Il ne fait non plus aucun doute qu'ils aimeraient, comme nous, passer leurs réveillons de Noël et de Nouvel An en famille, avec leurs meilleurs amis et leurs proches. 
Les dauphins sont des animaux très évolués et hautement sociaux (bien plus que nous-mêmes à certains égards) qui passent l'essentiel de leur vie à interagir les uns avec les autres.

Les dauphins adorent faire la fête ensemble. 
On les voit d'ailleurs fort souvent se réunir en groupes importants, tout joyeux et espiègles, autour d'un bon repas sain et abondant pris en commun, comme nous pouvons le faire et ceci malgré le fait que  la sur-exploitation des mers et la destruction de leurs habitats par les Humains les privent aujourd'hui de ce genre de festin...  

Les dauphins sont par essence des créatures qui apprécient les grand espaces et qui ont besoin d'accès vers les mers libres, si possible sans filets dérivants ni terrifiant tapage d'origine humaine. 
Eux aussi sont en droit de souhaiter un Noël et une Nouvelle Année paisible et sans danger !

Les dauphins sont aussi des êtres qui aiment s'amuser. 
Pour la plupart, ils vivent parfaitement heureux lorsqu'ils sont en liberté, mais non lorsquils sont confinés dans des piscines en béton ou des baies closes pour satisfaire notre propre amusement, si loin de leurs amis et de leur famille, tout autant que de leur milieu de vie normal. La liberté est sans doute l'un de leurs autres souhaits !

Mark Simmonds, Directeur scientifique de renommée internationale à la WDCS ajoute :  
"Si je pouvais formuler des souhaits pour Noël aux dauphins, ce serait qu'il y ait un changement radical quant à notre façon de les voir. 
Les dauphins souffrent, car nombre de nos actes qui les tuent ou les blessent ont lieu en haute mer et hors de notre vue...

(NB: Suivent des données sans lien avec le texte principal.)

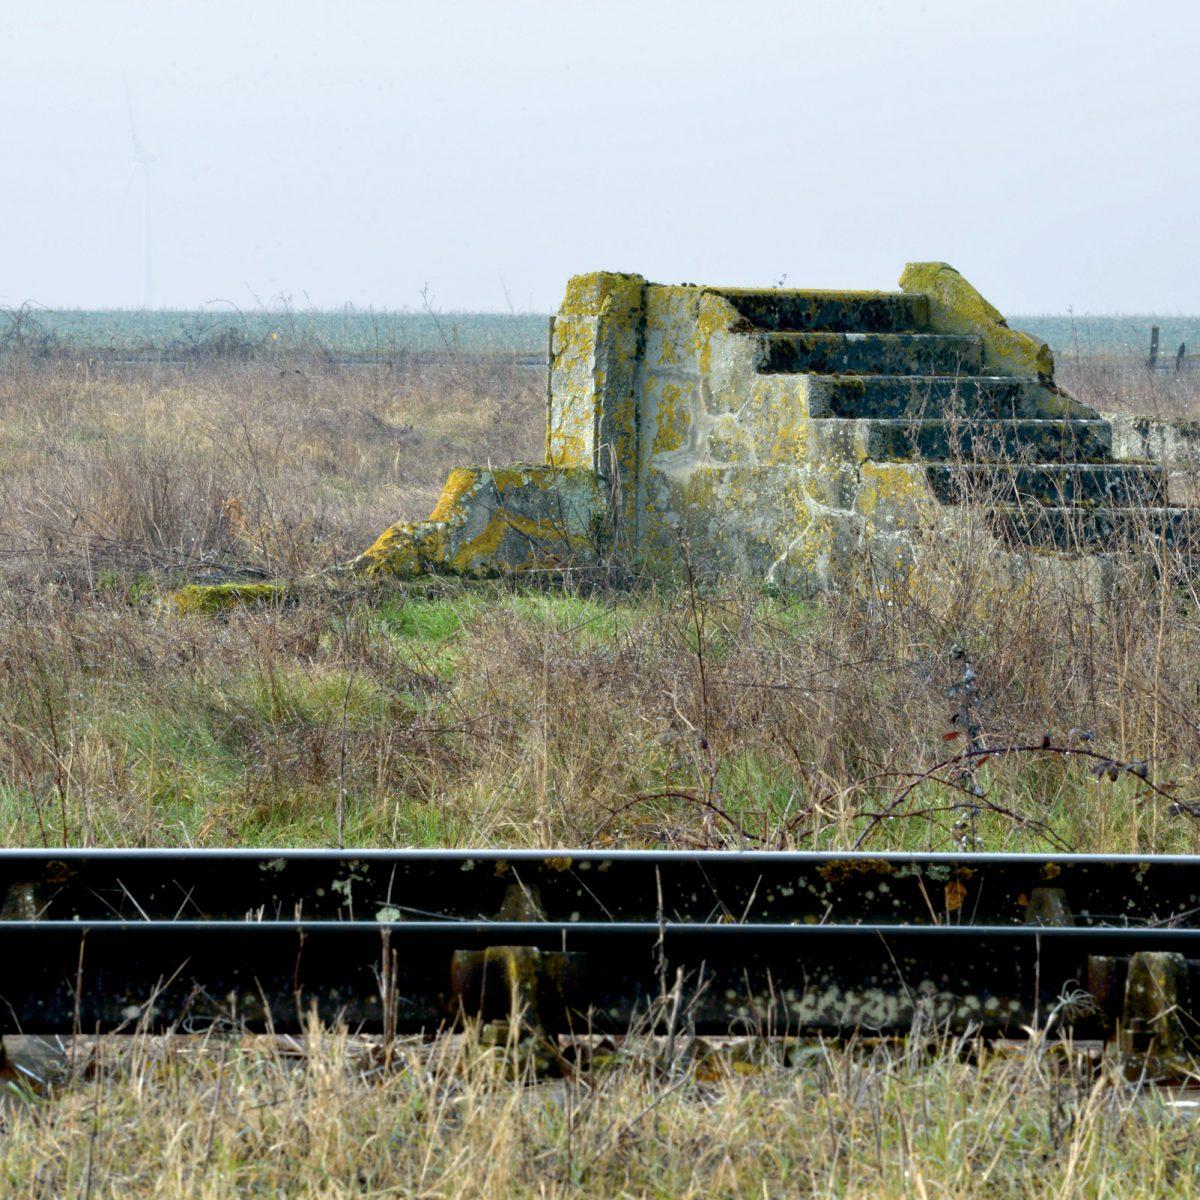 Lors de notre première visite sur le site, les vestiges étaient noyés, engloutis par les hautes herbes. Il nous a semblé que ce naufrage était révélateur de l'histoire des lieux, dont on aurait voulu effacer la mémoire.
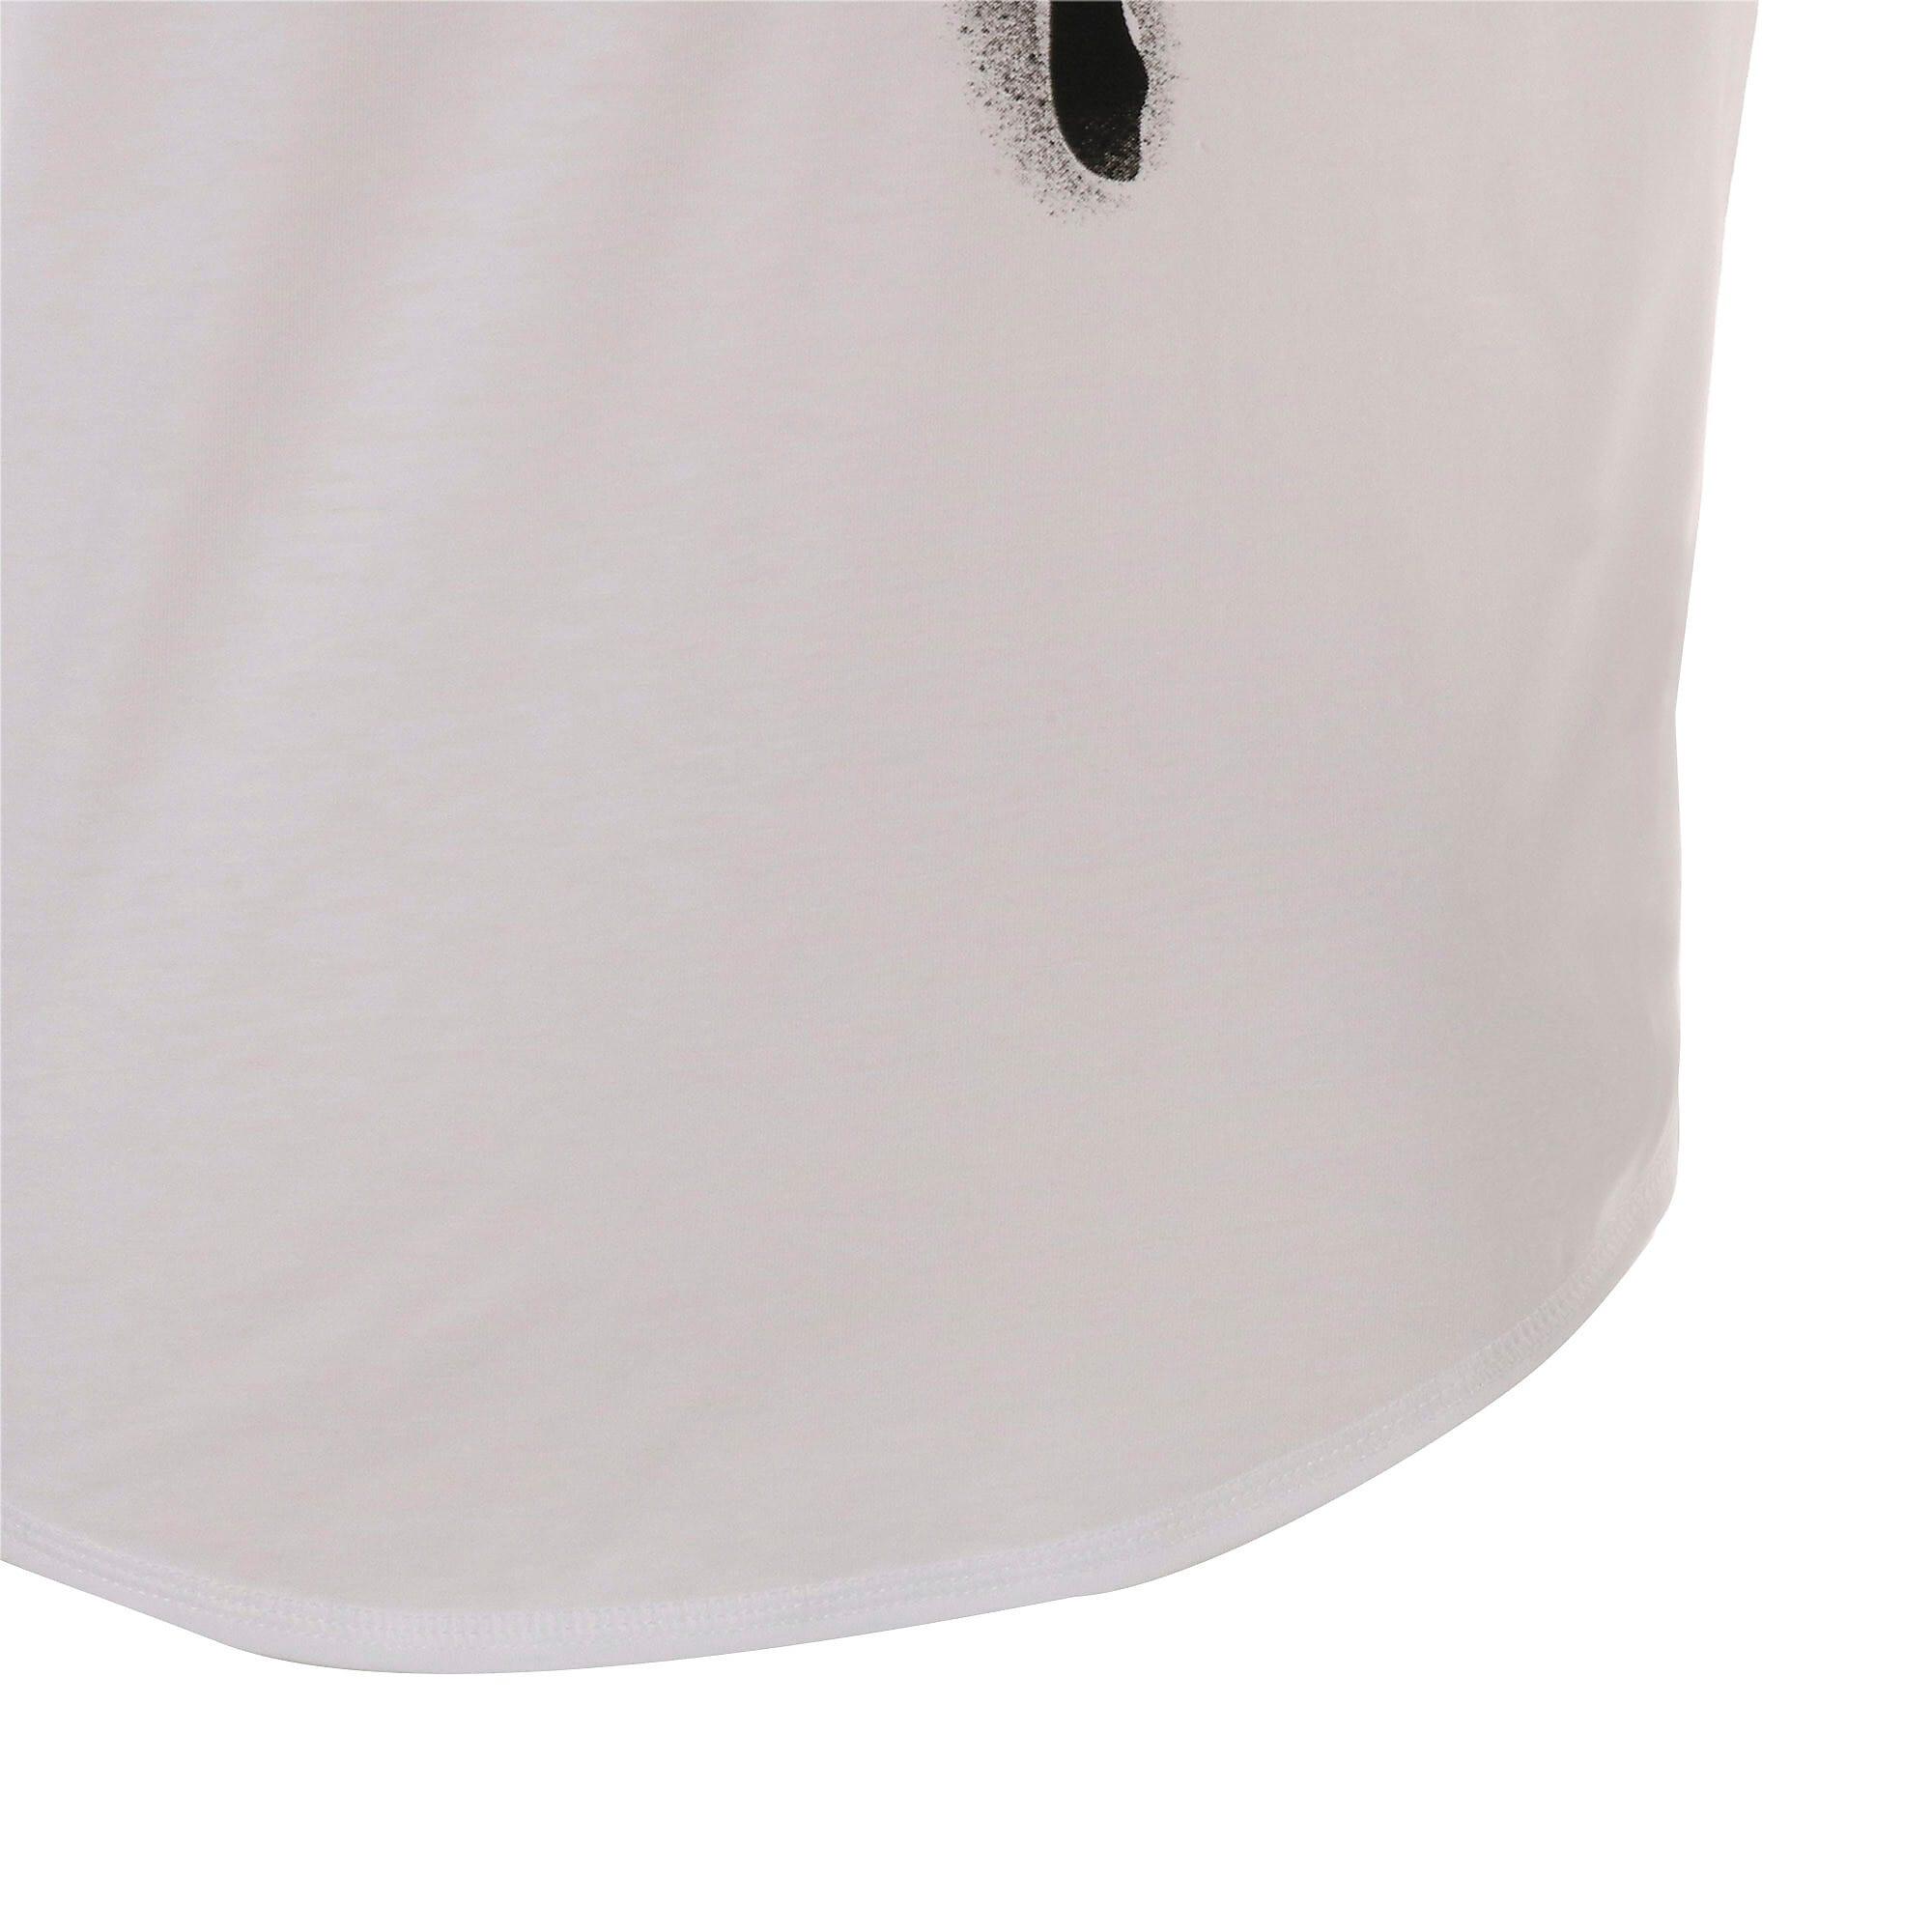 Thumbnail 9 of スタジオ SS ウィメンズ トレーニング メッシュ キャット Tシャツ 半袖, Puma White, medium-JPN

Si nous voulons vraiment que les dauphins soient heureux et en bonne santé en -delà en 2005, il importe que nous les traitions avec bien plus de respect. 
Il nous faut désormais reconnaître les dauphins comme les animaux hautement complexes qu'ils sont, et agir bien plus rapidement que nous le faisons pour mettre fin aux menaces quotidiennes auxquelles ils doivent faire face.

Des milliers de dauphins sont tués chaque année dans les filets de pêche européens. 
Et pourtant, il semble que nous ne soyons pas capables de prendre la moindre décision efficace pour mettre fin à ce massacre.

Nous sommes également en train d'émettre de sons de plus en plus puissants dans tous les océans du monde comme si de rien n'était - alors pourtant que nous savons parfaitement à quel point les cétacés sont dépendants du sens de l'audition et à quel point celui-ci est chez eux particulièrement sensible et vulnérable.  

En cette période de l'année dévolue à la paix et à la bonne volonté, puissions-nous étendre ces concepts jusqu'aux dauphins et à leurs familles".